If you want to take an 800K floppy image from your favorite emulator and use it with Plus Too, you’ll need to encode it using my Floppy Encoder utility. It takes a normal floppy image file as input, which usually has a .dsk filename extension, and generates an encoded image file with a .bin extension. The resulting .bin file can then be substituted in step 8 of the setup instructions to run Plus Too with the new floppy image.

Extending Plus Too

The Verilog source files are included in the file archive, for anyone who wants to try taking the project further. The biggest thing it needs now is for someone to set up proper timing constraints. I played around with it a bit, but I didn’t really understand the constraint editor and was eager to move on.

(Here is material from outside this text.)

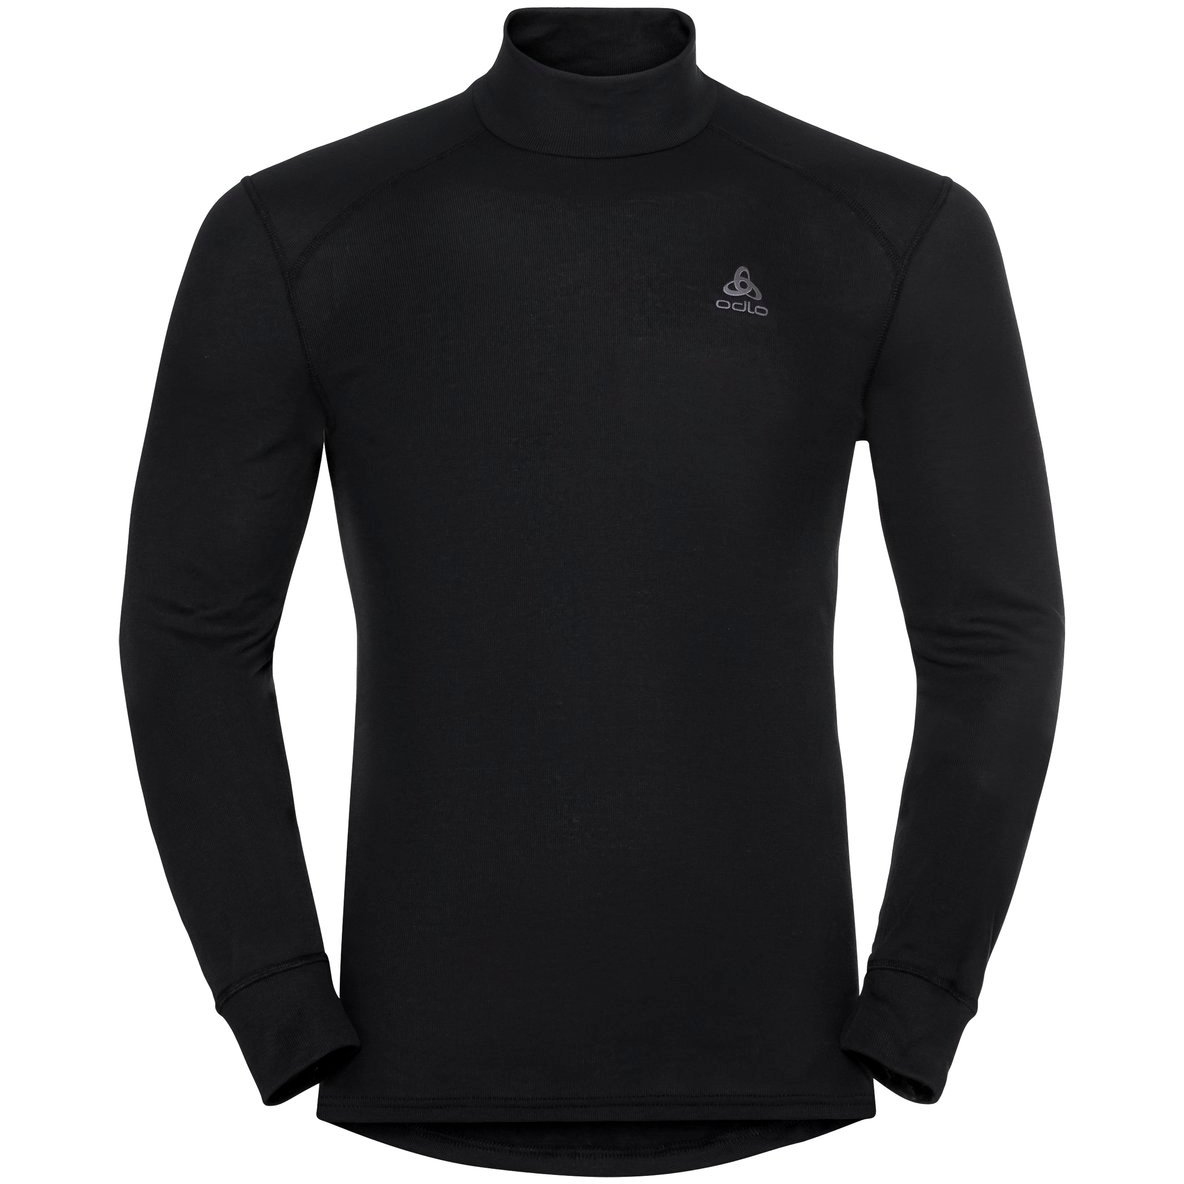 Produktbild von Odlo Active Warm Turtleneck Langarm-Unterhemd Herren - schwarz

PlusToo mostly works without specifying any constraints, but sometimes it will randomly fail to boot up, or exhibit bizarre video bugs. I’ve found that changing the number of signals and sample depth of the Signal Tap logic analyzer setup can fairly predictably make such problems appear and disappear.

The constraints should be:

• External 50 MHz clock
• Internal 32.5 MHz clock synthesized with a PLL. This is the video clock, called clk32 in the Verilog source.
• Internal 8.125 MHz clock named clk8, derived from clk32 with a clock divider. (I couldn’t make this work with a PLL)
• Flash ROM has an address-to-data delay of 70ns. The total delay from clk8 to when all the Flash control and address lines are stable, plus 70 ns, plus whatever the setup time is for the FPGA registers that will receive the Flash data (how do you determine this?), must be less than the clock period of 123ns.
• Similarly for the SRAM, except I believe its address-to-data delay is 10ns (check datasheet). The SRAM should also have additional constraints for write timing.